Negation
by Philip Salom
In memory of hardworking journal editors
I hope I’m not offending you, but if
you could just find a way of cutting
the first nine lines of your sonnet . . .
I’m sorry to disappoint you yet again.
I fear I’ll never be the ideal reader of your work—
they just whizzed straight past me.
These poems are full of fine things, then
a sudden banality rears its head.
I’m sorry to be returning your terrific poems
but it is a committee decision in the end
and —— just wouldn’t go along with them.
Unfortunately, we must reserve our pages
for beginners and superstars. I’m afraid
your work falls . . . somewhere in between.
(Long distance reply)
Dear ——, really liked these poems a lot
but am sorry to be returning them.
Please do send more. Perhaps
you’ll be over this way soon.
Goodness me! I thought I sent these back
months ago! They just didn’t speak to me, quite.
Dear Sir/Madam. Please realise we only take poems
from professional poets.
Forgive me for the terribly delay, but I’ve
been busy with the Writers Festival and the Prize Committee
and a load of other important things.
Doubly sorry, then, to be returning your work.
I am wondering if you could just cut the middle
two stanzas . . . I mean, it’s a very fine poem,
brilliant, even, perhaps.
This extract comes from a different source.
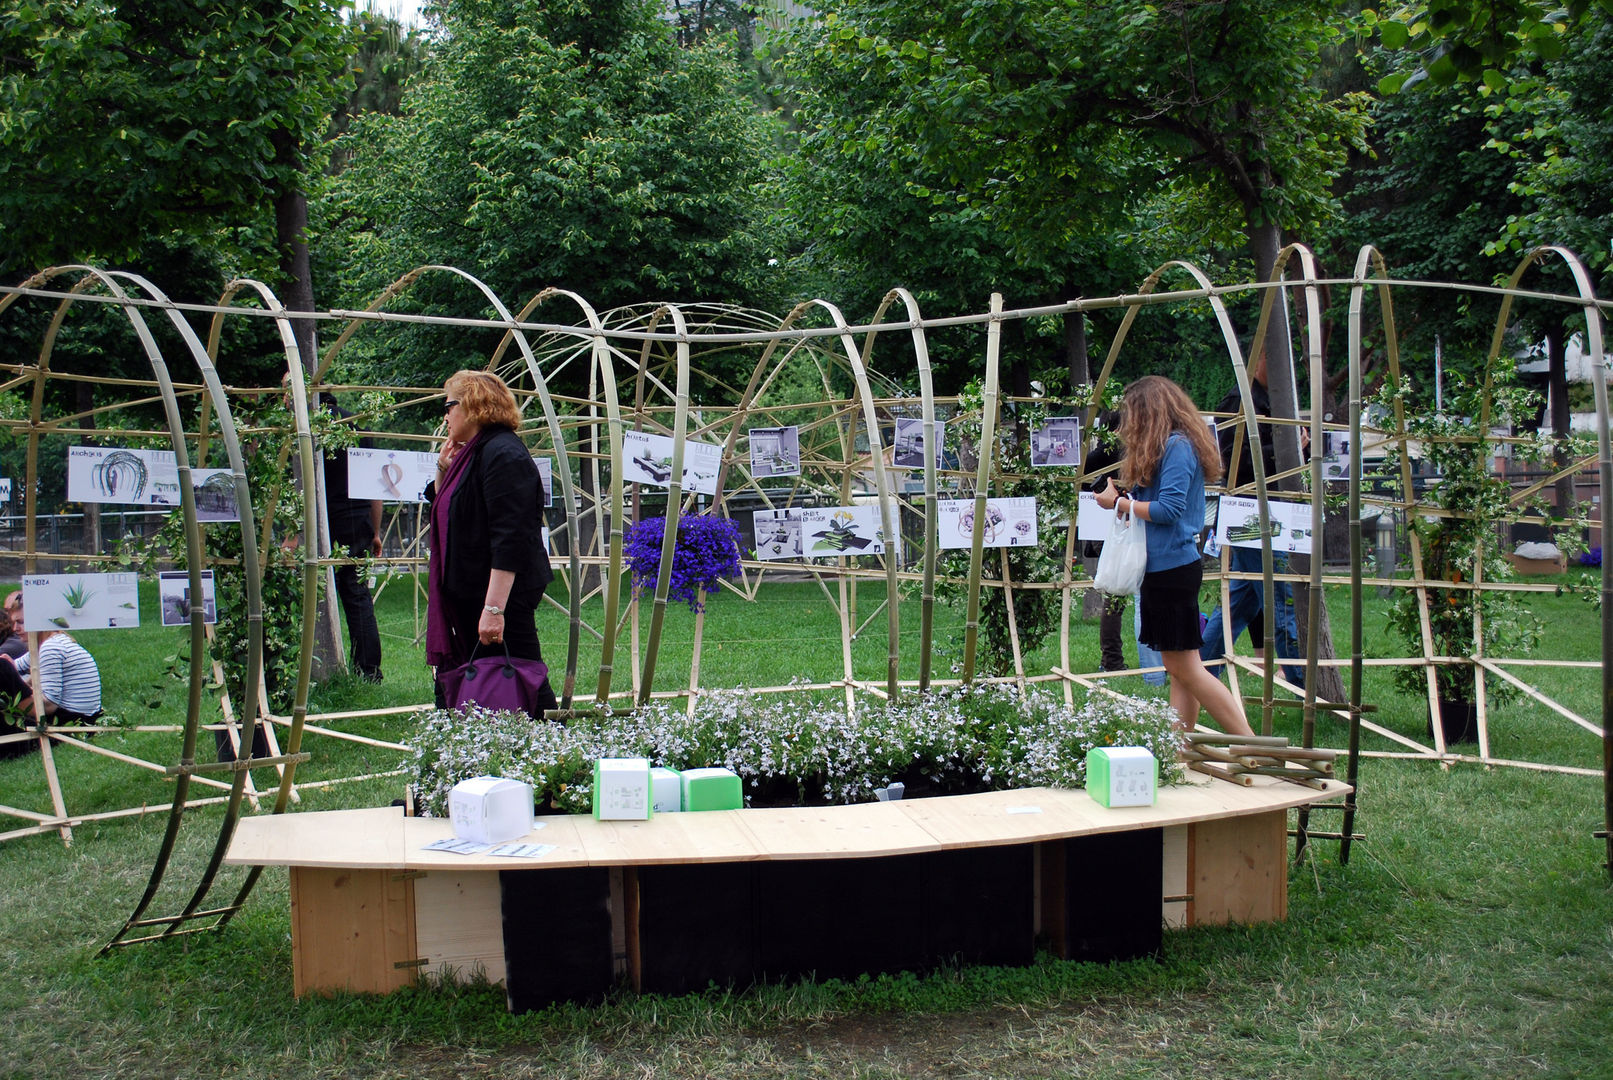 Foto installazione Stefania Lorenzini garden designer Giardino moderno

But I don’t know. No.
We voted for your work but then
a couple of poems from a better known poet
(who I happen to bonking) turned up. Sorry.
I’m afraid your poems lack
the appropriate axiological centre, and that line about
the old woman suggests an unexamined aspect
of your work you’d do well to look at.
Lovely to see someone working with
the long poem again. I’d like to take . . . the haiku.
Perhaps you could try something less
ambitious than the haiku.
It’s not that I think the poem’s unsuccessful
it’s just that I couldn’t go anywhere with
that “go nowhere” last line. And it would
be a pity to cut it, so I’m returning the poem.
BUT BY ALL MEANS SEND MORE
From New and Selected Poems, South Fremantle, Western Australia: Fremantle Press, 1998.